- **INFORMATION SUPPLIED**:
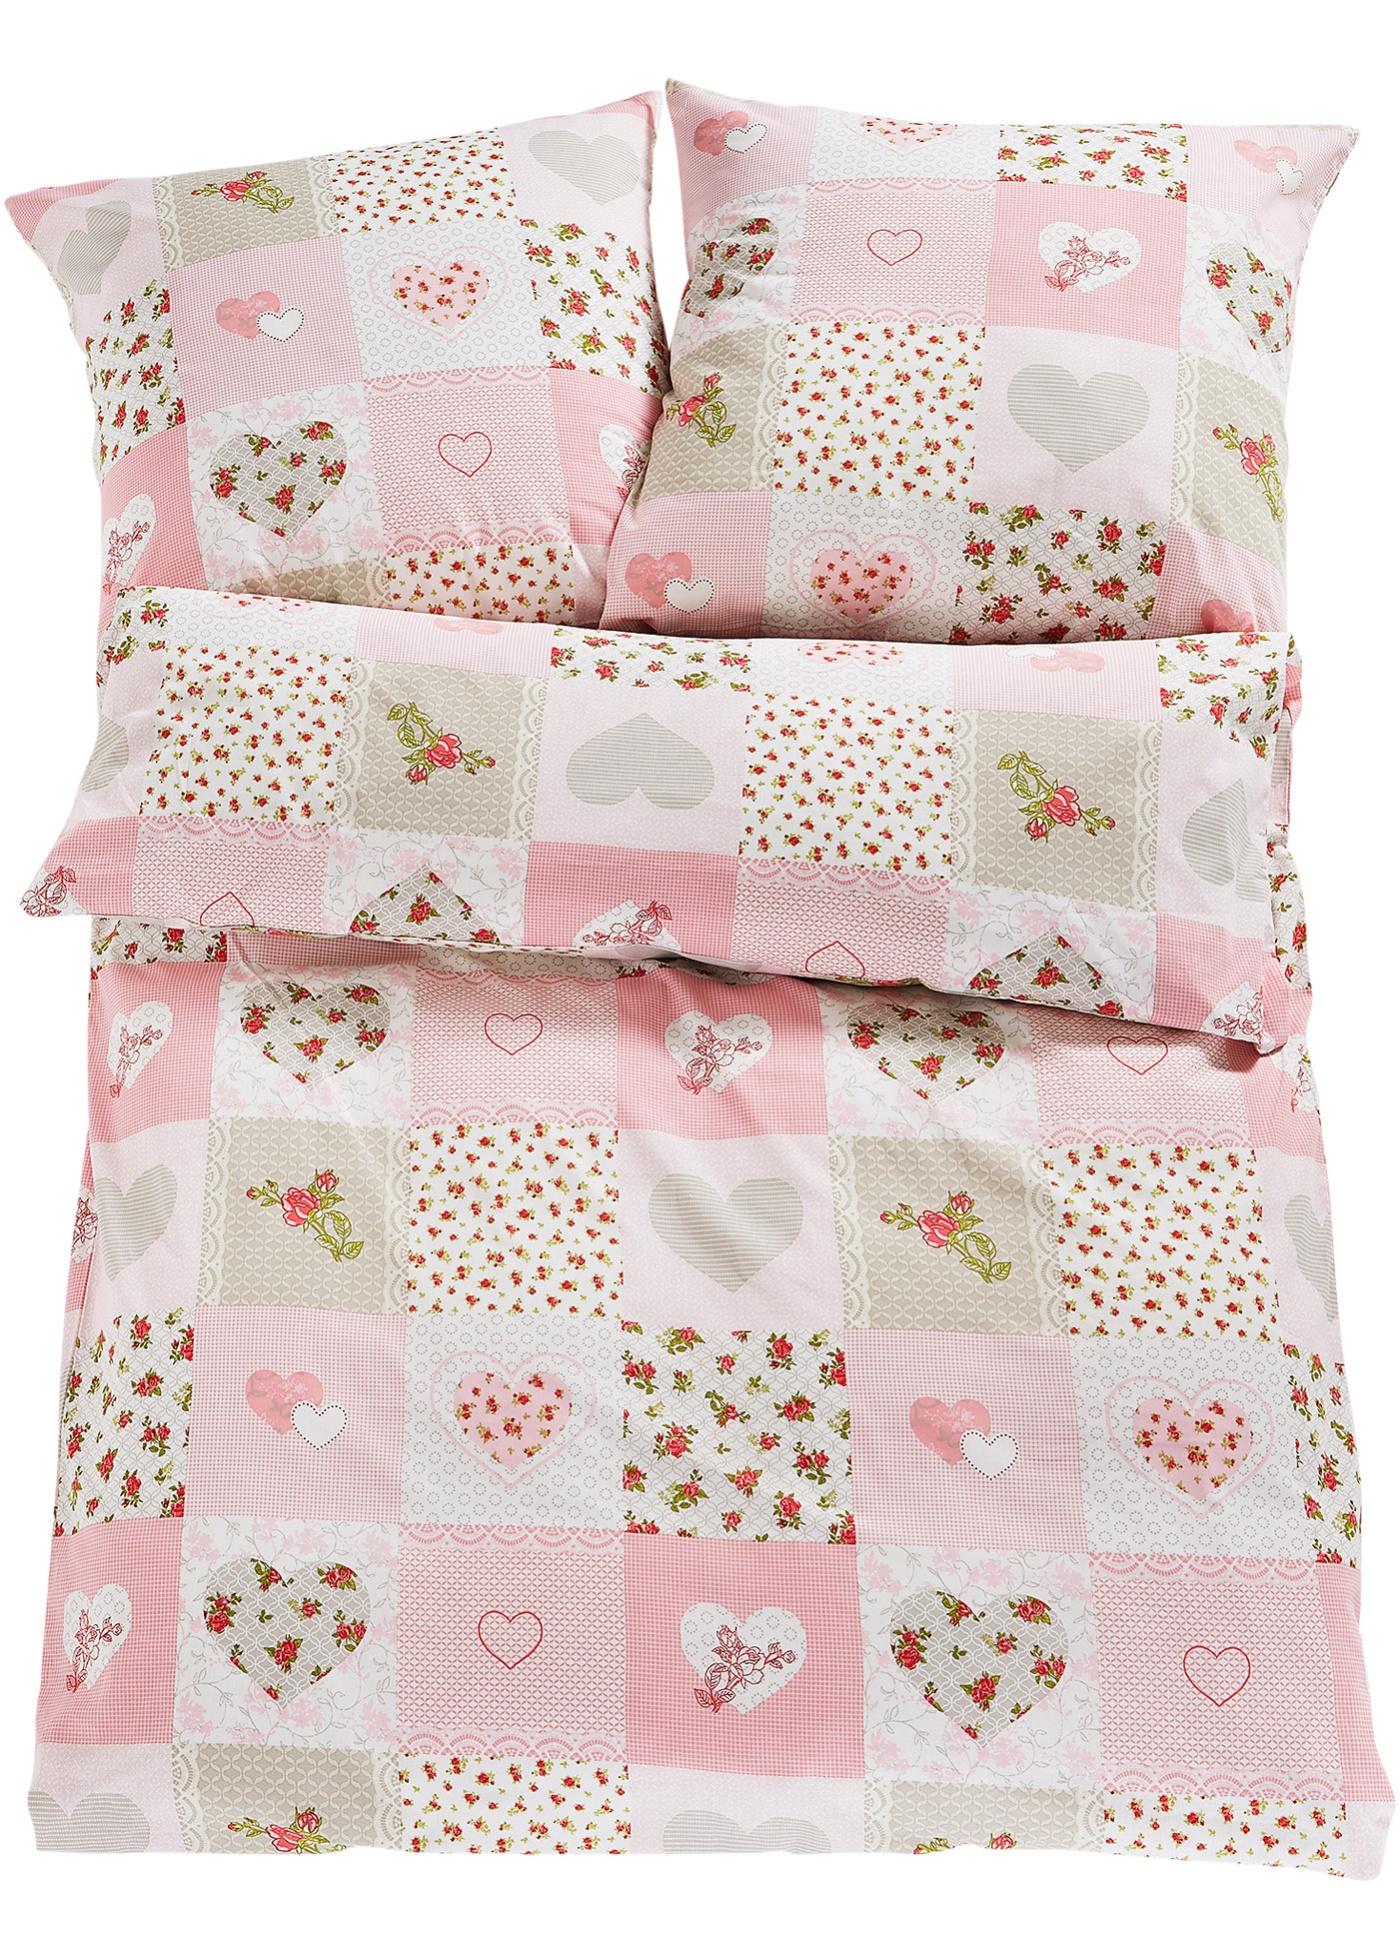 Linge de lit imprimé style patchwork mêlant cœurs et adorables couleurs. Créez une ambiance cottage avec toute la convivialité qui la caractérise dans votre chambre à coucher. Disponible en différentes qualités de coton et en parure 2 ou 4 pces.
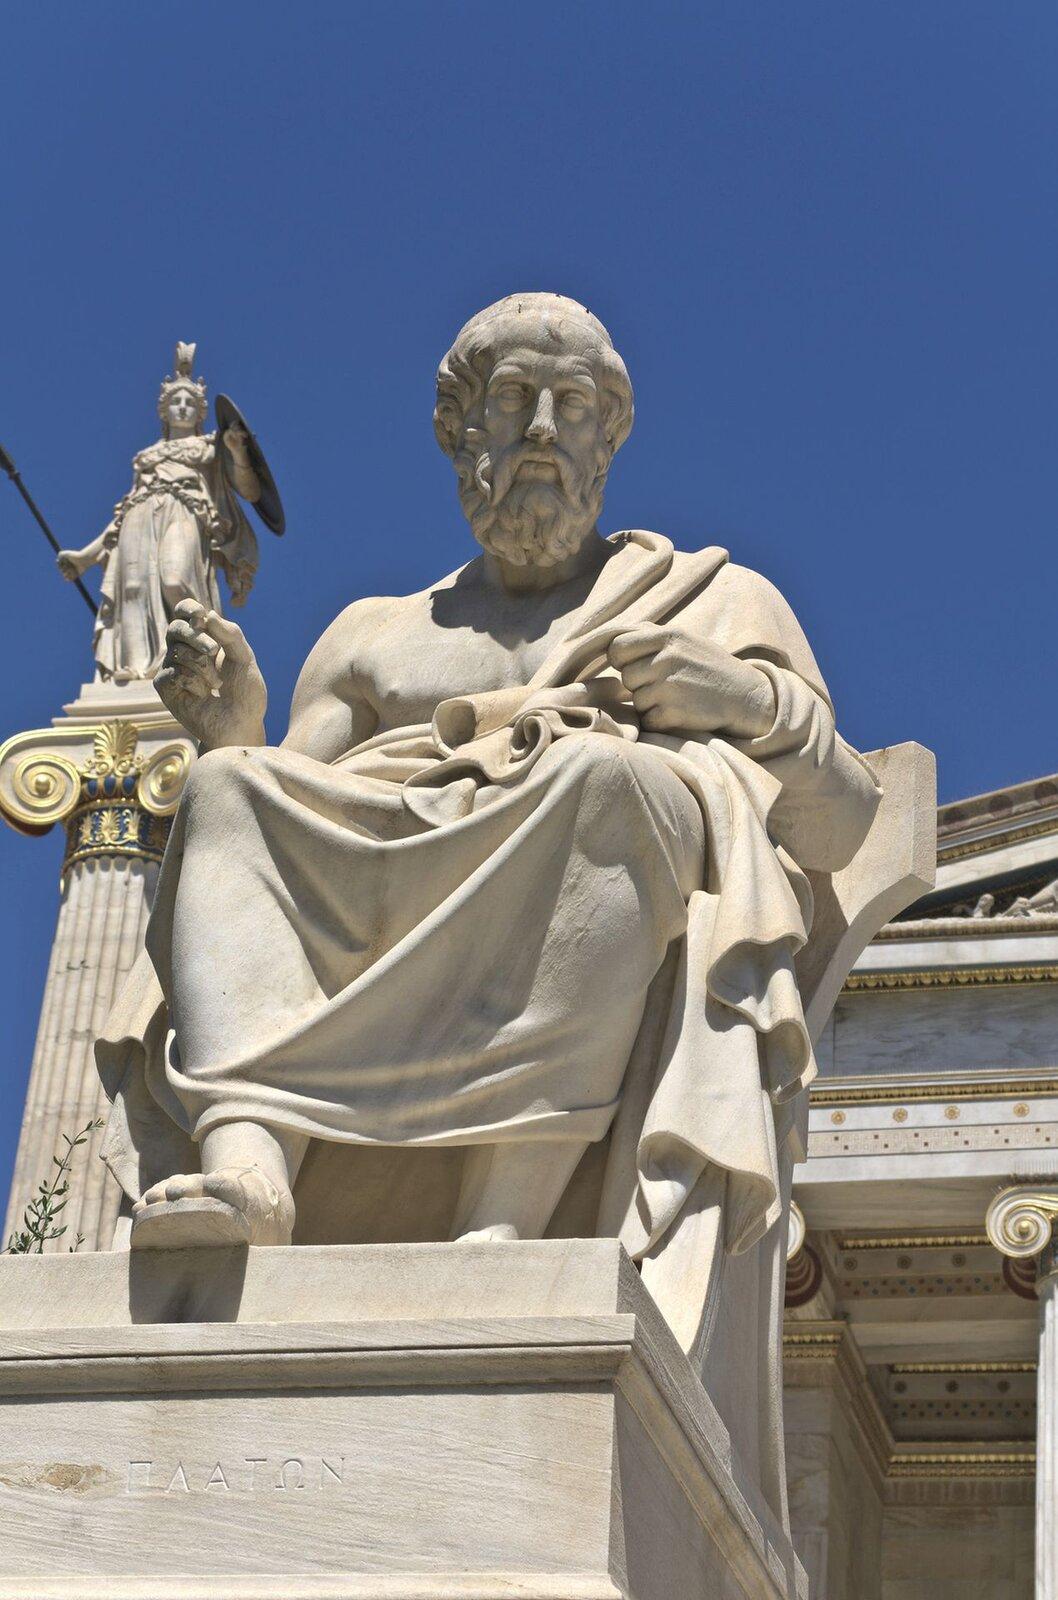 Fotografia nieznanego autora przedstawia posąg Platona. Został on pokazany jako mężczyzna wpodeszłym wieku. Siedzi wtodze trzymając zwój papirusu.
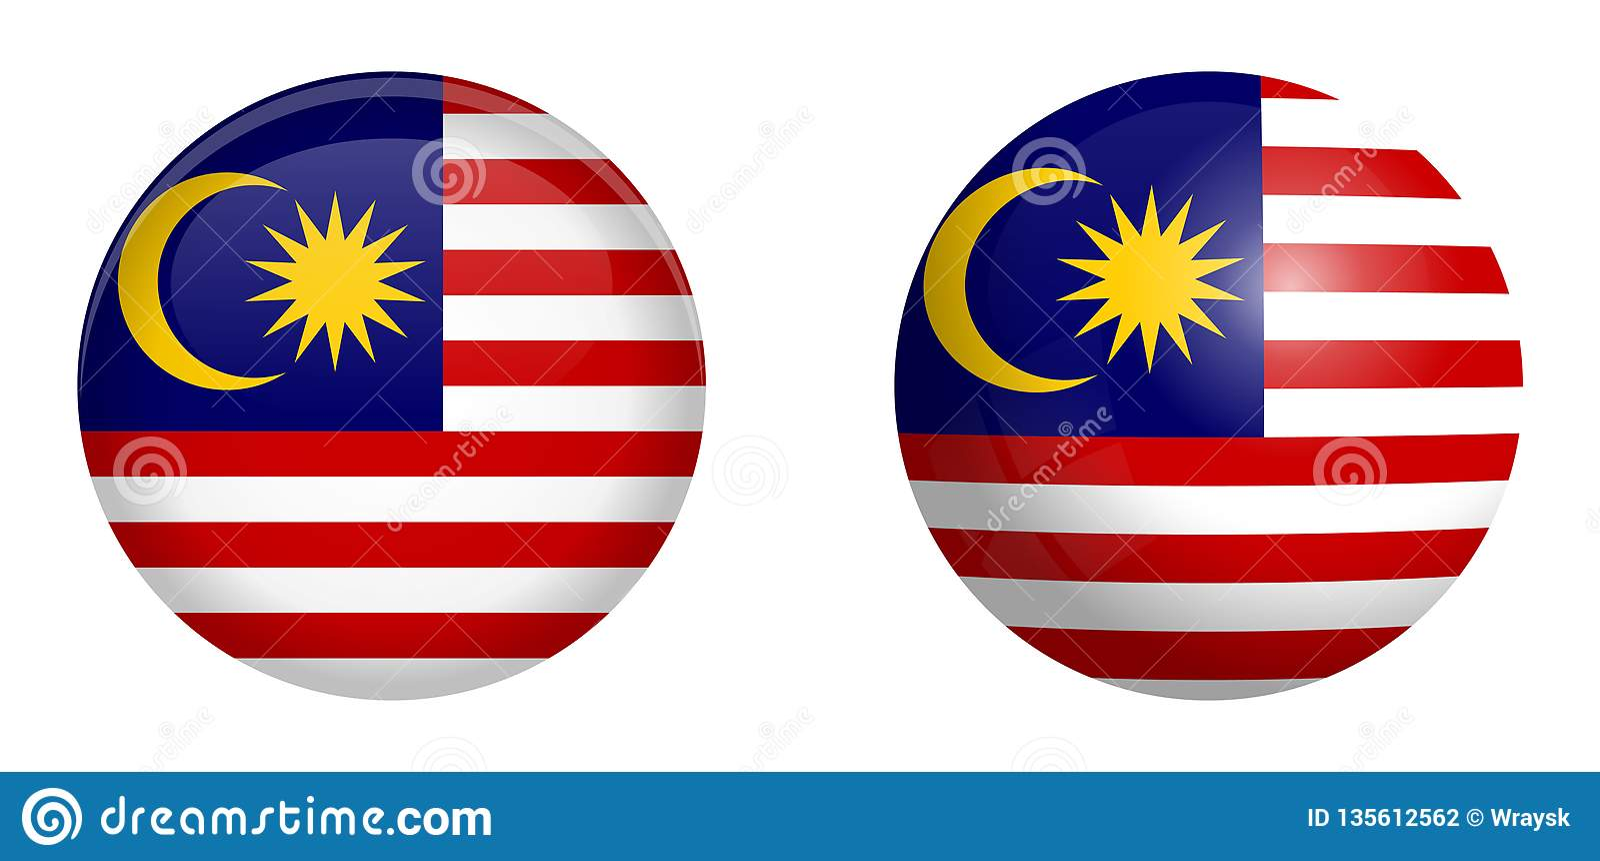 Maleisische vlag onder 3d koepelknoop en op glanzende gebied/bal

- **TASK OBJECTIVE**: Without the pictures, write out the whole listing exactly as it appears.

- **TASK RESULT**:
 Linge de lit imprimé style patchwork mêlant cœurs et adorables couleurs. Créez une ambiance cottage avec toute la convivialité qui la caractérise dans votre chambre à coucher. Disponible en différentes qualités de coton et en parure 2 ou 4 pces.
 Fotografia nieznanego autora przedstawia posąg Platona. Został on pokazany jako mężczyzna wpodeszłym wieku. Siedzi wtodze trzymając zwój papirusu.
 Maleisische vlag onder 3d koepelknoop en op glanzende gebied/bal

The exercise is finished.